----- Extracted entries -----
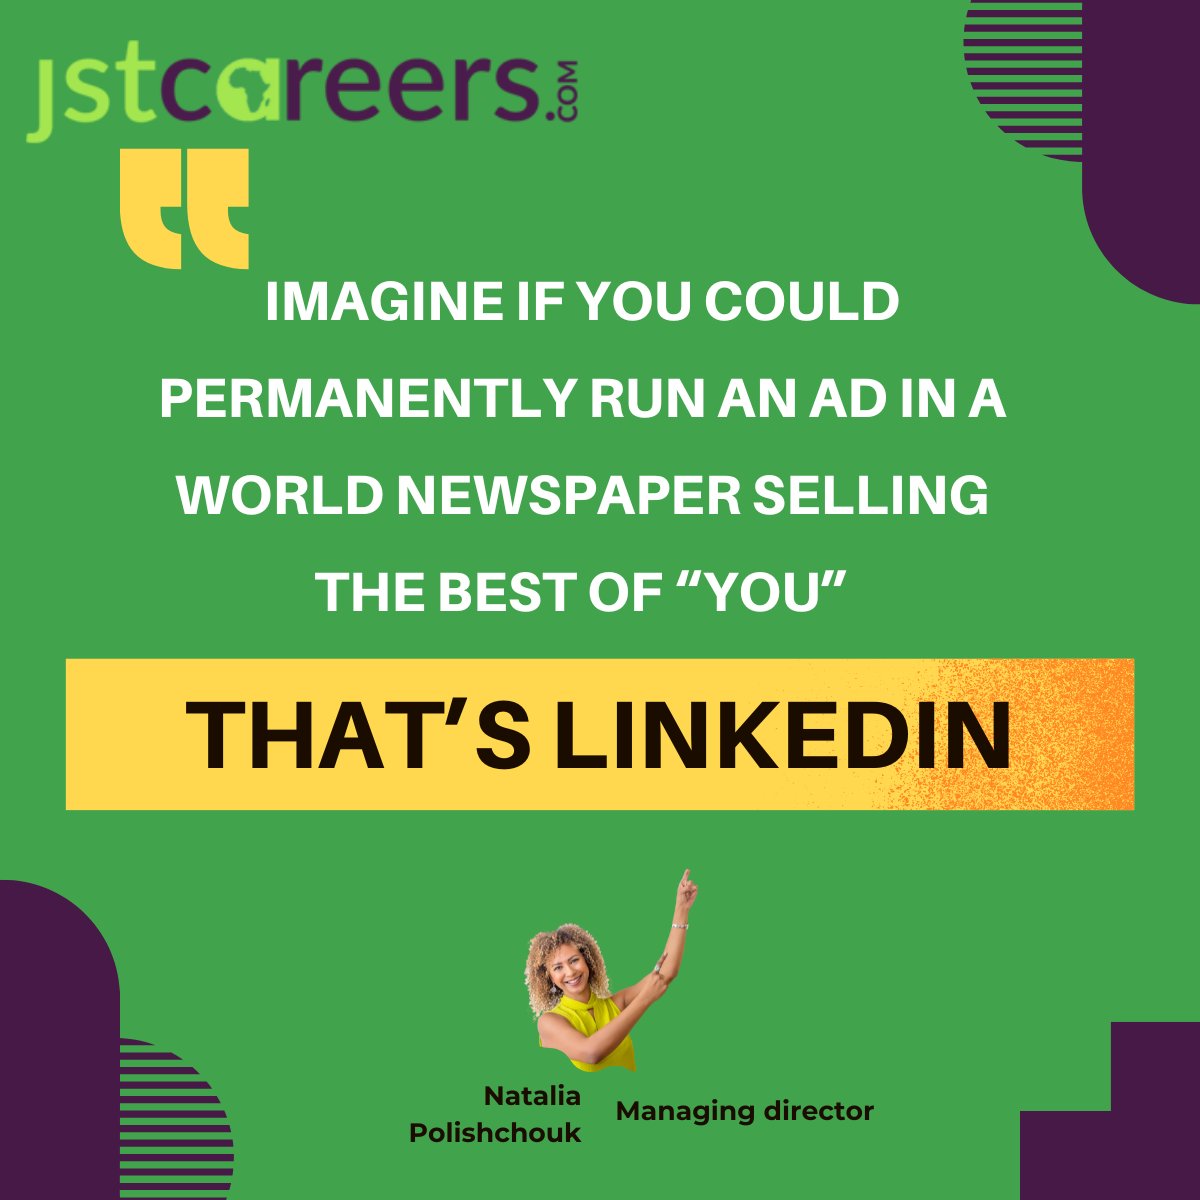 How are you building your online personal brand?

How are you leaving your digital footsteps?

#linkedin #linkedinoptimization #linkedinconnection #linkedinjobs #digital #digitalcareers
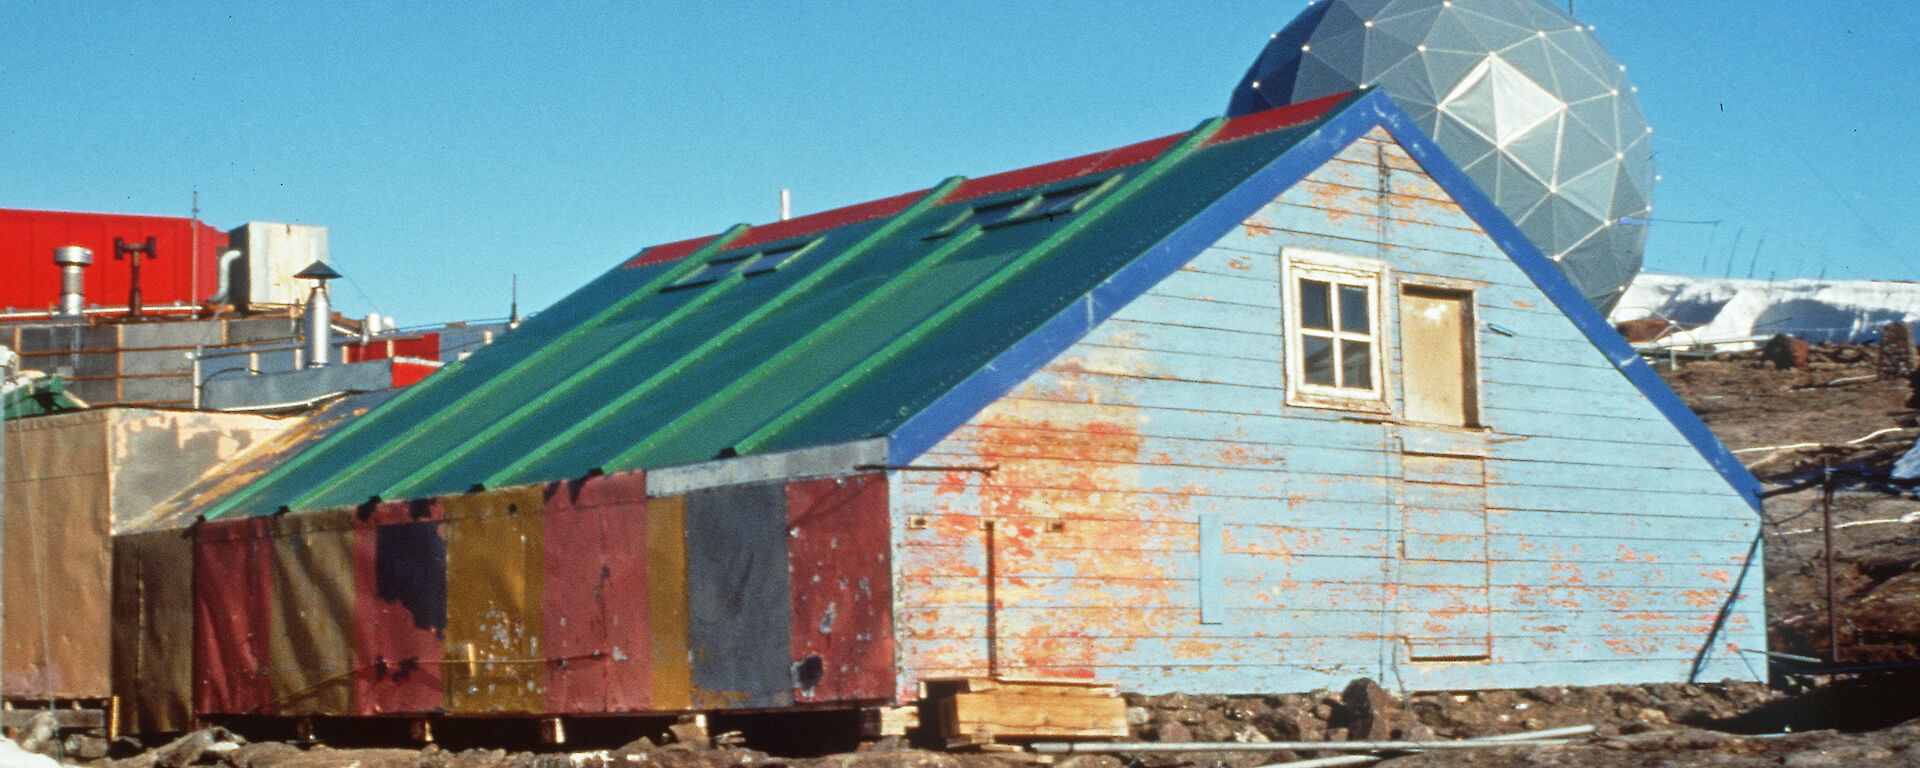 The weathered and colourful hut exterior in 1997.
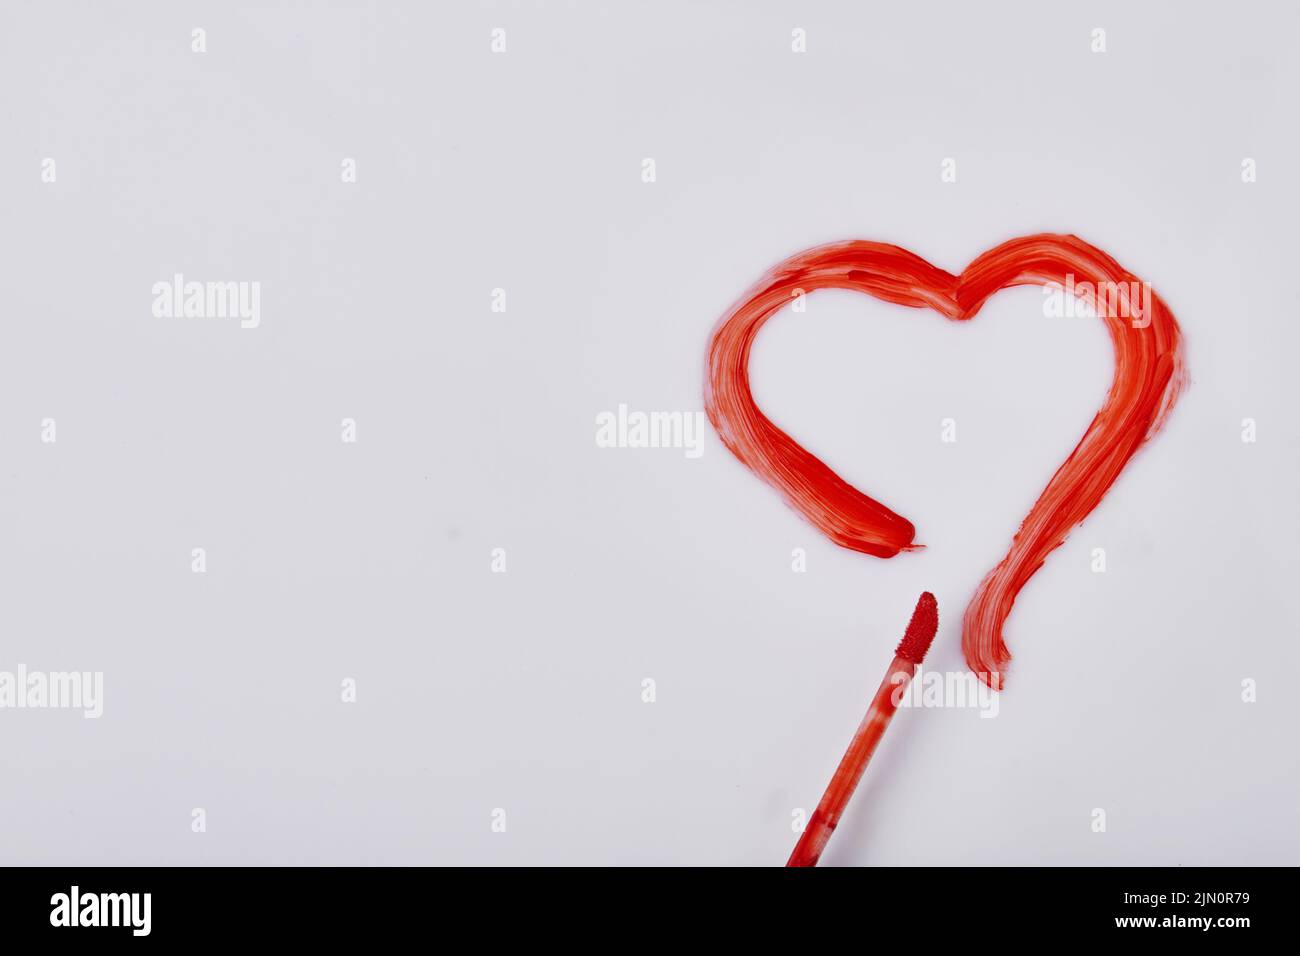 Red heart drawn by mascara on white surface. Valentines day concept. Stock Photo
-----
**Activity**: Count, in the records above, the lines that contain "digital", and write only the resulting number.

**Response area**: 2